Hardware and software that produce an interesting and interactive huge panoramic display.

BACKGROUND ART

    • An interactive multimedia show on PC screen whose proportions 4:3
    • Video panoramic display
    • Video or cinema display show
    • Plasma screen display whose proportions 9:16
    • Using multiple PCs to display a show on multiple screens

DISCLOSURE OF INVENTION

Introduction

CULTURAMA, Cultural Panorama, is an innovative harmonized mix between a wealth of cultural and natural heritage information, very informative and attractive multimedia program and latest display technology. CULTURAMA has proved to be an excellent tool for delivering information to all age groups: children and adults. CULTURAMA also enabled us to display information that could have never been displayed clearly using regular computer display systems.

CULTURAMA is the first fully interactive multimedia system on semicircular nine screens panoramic display with diameter of 10 meters or more for cultural and natural heritage. In addition, we have achieved a huge computer display area with the resolution 7200×600 pixels. This area is used to deliver wide range of information that could have never been delivered using standard computer display. Examples of such information are historical time lines, panorama of real scenes and sites, visual comparison between many items and the clear display of large objects. Moreover, we have introduced a new concept of multimedia development to utilize this huge display area. At last but not least, we have made use of regular equipments represented in regular workstations and regular video projectors in addition to implementing the semicircular screen using flat projection screens. The use of those familiar equipments made CULTURAMA: cost effective, easier to maintain, together with flexible and powerful software development. Also the use of flat projection screens facilitated image stitching with no need for special hardware.

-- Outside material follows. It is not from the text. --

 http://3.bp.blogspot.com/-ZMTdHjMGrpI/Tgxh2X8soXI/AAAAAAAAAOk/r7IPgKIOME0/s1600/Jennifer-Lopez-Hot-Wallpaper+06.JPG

CULTURAMA: Its Start and Development

In 2001, video walls technology was our main target for delivering information in an interesting way to different categories of audience. Unfortunately, we faced the following problems while studying such a solution: high cost, huge size of equipments, importability of the solution and limited resolution output. Afterwards, we came up with the idea of simulating the video wall by using regular PC together with multiple plasma screens, arranged in an array. We targeted an array of 2×2 screens, each is 61″. The main problem we had to solve was how to make the screens display a continuous image without loosing resolution in which each screen displays 800×600 pixels rather than dividing the computer output by 4. We started by investigating the availability of a commercial hardware that can take the computer display output and divide it into multiple outlets during which the total resolution is not limited to standard output resolution. Regrettably, such a solution was not applicable, thus we approached a second methodology. The main essence of this methodology was using different computers. Each computer is running a separate program and attached to one plasma. In fact, the key issue investigated was how to synchronize between the four computers so that the output would seem to be one image rather than being scattered between different computers. As a result, we connected the four computers with a LAN by which the four programs would be able to handshake to synchronize their output together. This approach would have worked fine except for two problems.

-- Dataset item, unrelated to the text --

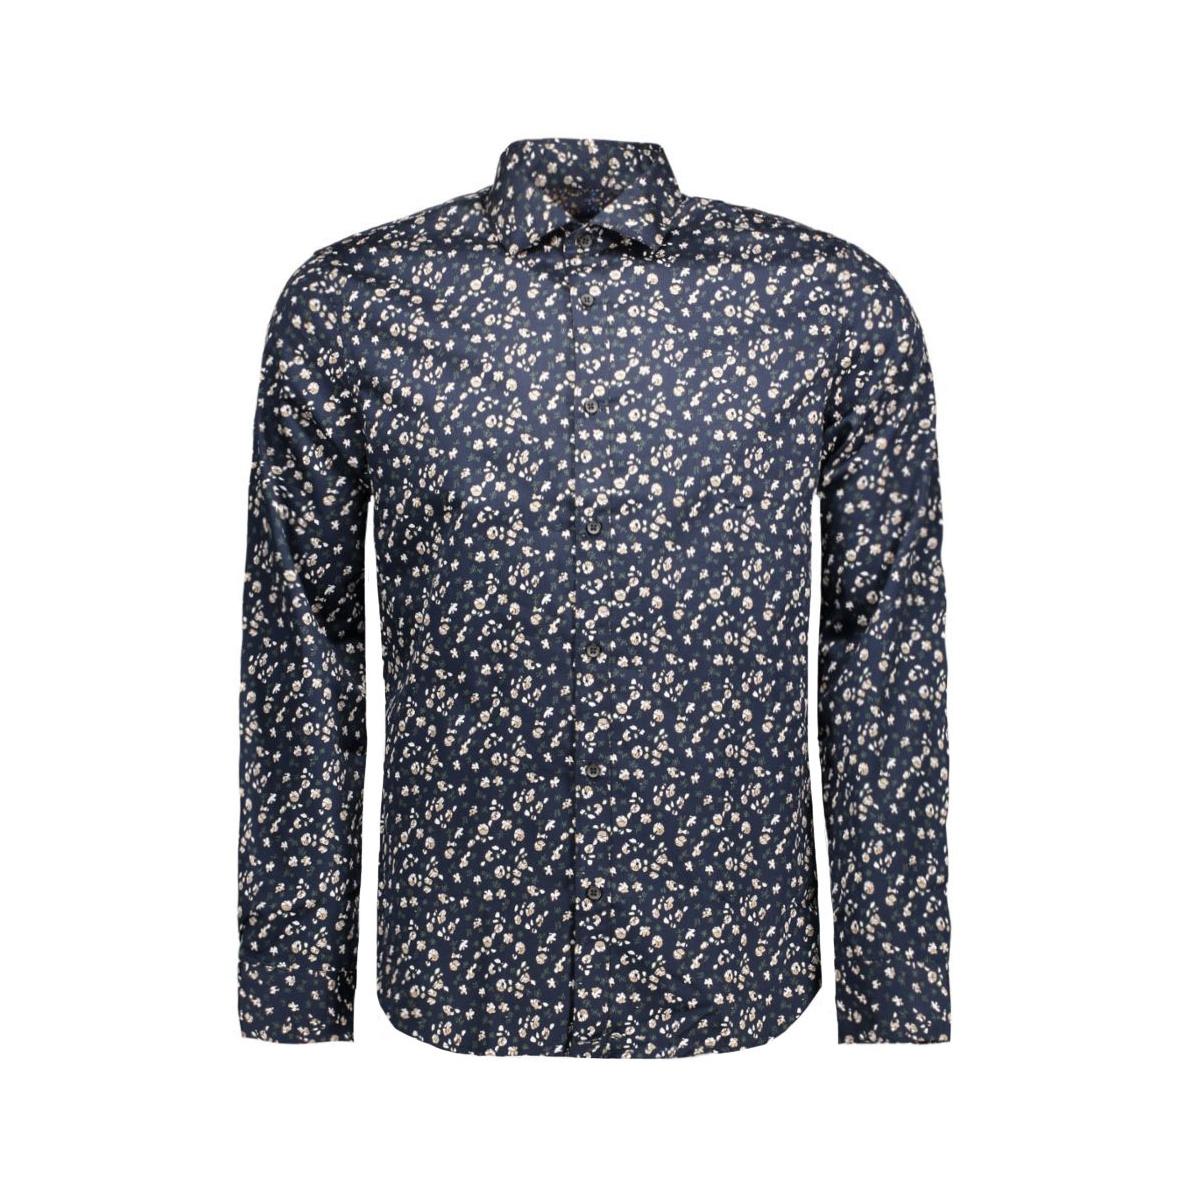 trostol 30201175 matinique overhemd 20211 navy blazer

First, we intended to produce high-end multimedia display that requires a high level of animation. Meanwhile, this solution would result in having slight delay for handshake which cannot be eliminated which is considered unacceptable for impressive animations. The second problem was the complexity of the software development. Looking for solutions to these problems, a feature in MS Windows was discovered that solved all our problems, which is the ability of Windows to deal with multiple display outputs. MS Windows 2000 can support up to ten different display outputs; moreover, one can arrange these outputs to arbitrarily extend windows desktop. Based on this feature, we equipped a PC with four PCI VGA cards and arranged them to form a 2×2 array. Each output is 800×600 pixels, which means that the total resolution of the display is 1600×1200. Afterwards, we developed a single multimedia program with window size 1600×1200. Applying this method, we succeeded in having a video-wall like computer display making use of the full resolution of each display unit. In addition, developing a single program with the total resolution of the array enabled us to produce high end multimedia program with animations and effects which was applied to the four screens as a single display unit achieving an accurate synchronization between them.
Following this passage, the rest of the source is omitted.